# Quick Mill Verona



## Lesley (Aug 22, 2018)

Hi all,

I'm new to the forum and only found you by searching for a manual for my Quick Mill Verona Duel Boiler Coffee Machine.

I'm in desperate need to descale my machine for the bank holiday weekend, I'm expecting my daughter and her family and she only drinks "proper coffee"

I have mislaid mymanual, plus my hubby always performed this task for me.

my machine is plumbed directly to the house water system. I know I have to disconnect the water supply and use. Inbuilt Water Tank. That's all I can remember.

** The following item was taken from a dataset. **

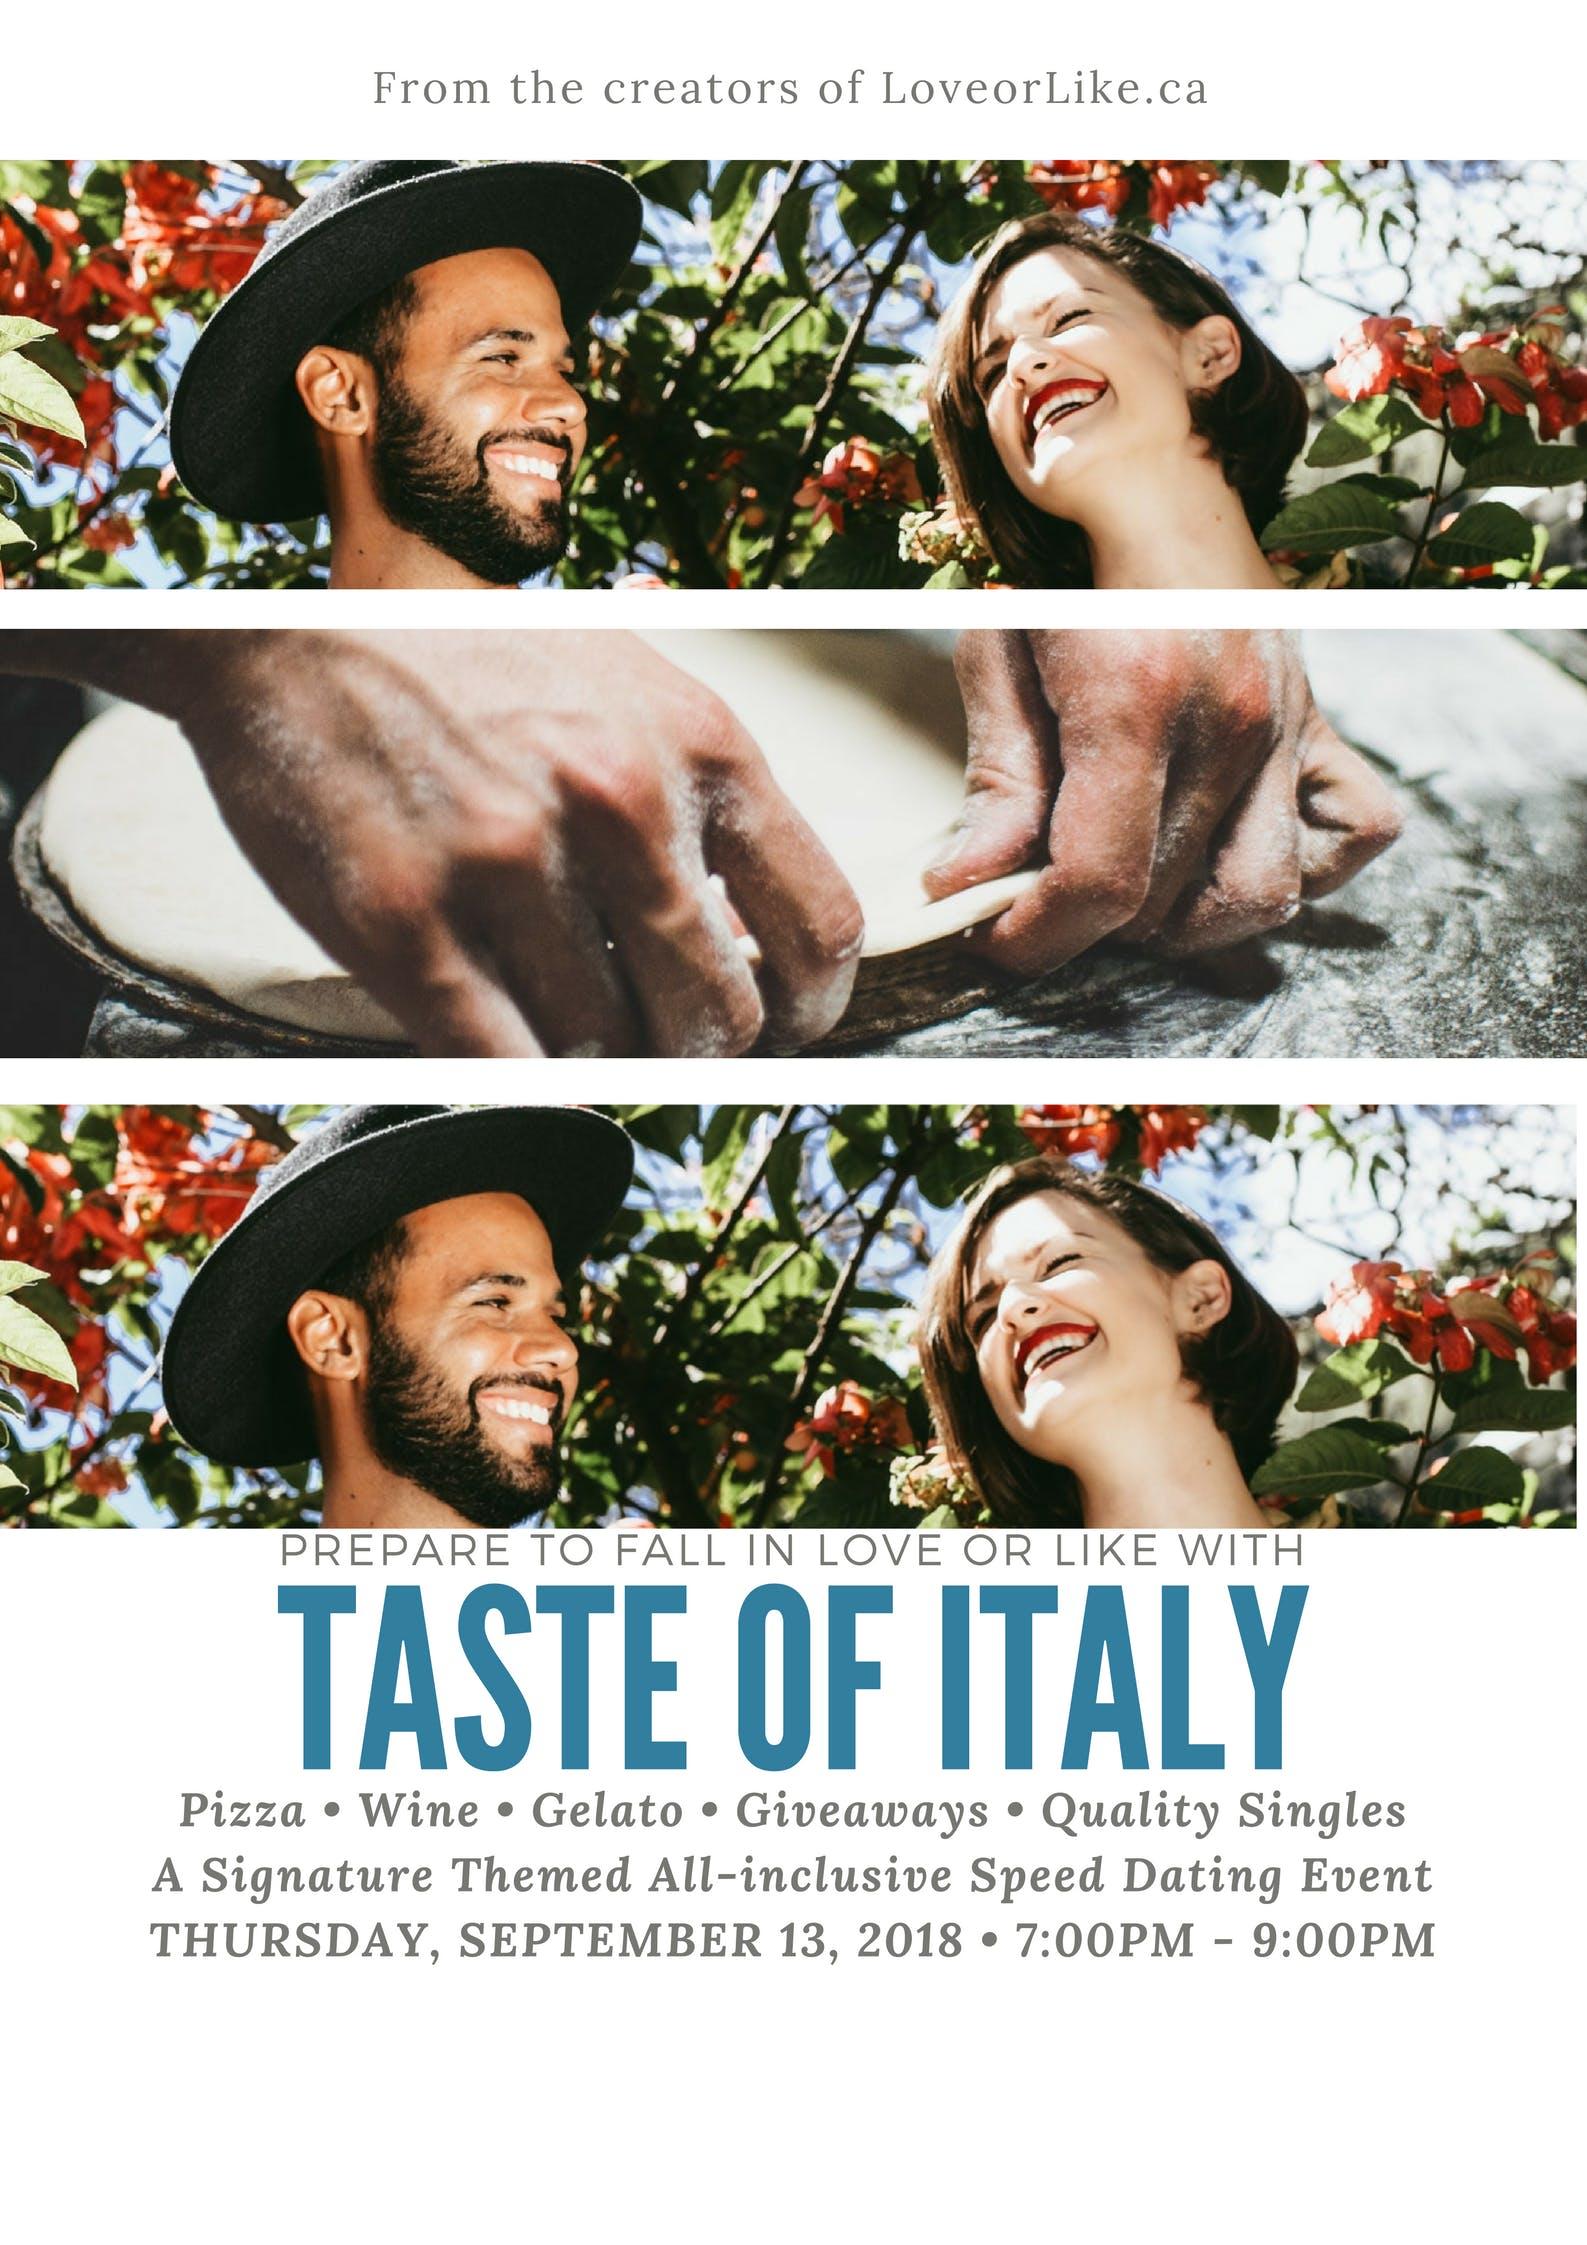 TORONTO SINGLES SPEED DATING - Mature Singles 40-50 - Taste of Italy theme ENCORE!  *Light Screening

Now after all that waffle, my needs would be met if some one can send me a copy of the user manual, or at least the bit relating to Descaling Also I understand I will also need a copy of page/section 10!

If if any one can help I will be eternally grateful. Lesley


----------



## Jony (Sep 8, 2017)

Here. and page 10 are the PID settings. I think the Vetrano and Verona are the same I could be wrong.

https://www.chriscoffee.com/v/vspfiles/manuals/Vetrano_2B_Owners_Manual.pdf


----------



## MildredM (Feb 13, 2017)

Hi @Lesley welcome to the forum!

Let us know if the manual suggested by Jony helps


----------



## El carajillo (Mar 16, 2013)

Jony said:


> Here. and page 10 are the PID settings. I think the Vetrano and Verona are the same I could be wrong.
> 
> https://www.chriscoffee.com/v/vspfiles/manuals/Vetrano_2B_Owners_Manual.pdf


This is not the same as the Verona manual written up by Dave c. The Verona manual is far more detailed inc settings for D-scaling.

Check Bella Barista website or contact Dave c.

.


----------



## Jony (Sep 8, 2017)

Post a link then. I had a look on BB and couldn't find it.


----------



## El carajillo (Mar 16, 2013)

Jony said:


> Post a link then. I had a look on BB and couldn't find it.


I do not have a link but BB probably has PDF pages. I cannot scan to PC at moment or would have done .


----------



## Lesley (Aug 22, 2018)

Jony said:


> Here. and page 10 are the PID settings. I think the Vetrano and Verona are the same I could be wrong.
> 
> https://www.chriscoffee.com/v/vspfiles/manuals/Vetrano_2B_Owners_Manual.pdf


Thank you for the link to a copy of the full manual.

Jony, your response to my enquiry is very impressive, I can not thank you enough, my daughter will be happy now I will be able to provide her with a good coffee first thing in the morning.

I will be adding further info as a new member after my busy bank holiday. It seems to be the best forum I've ever visited.

Thaks again Jony


----------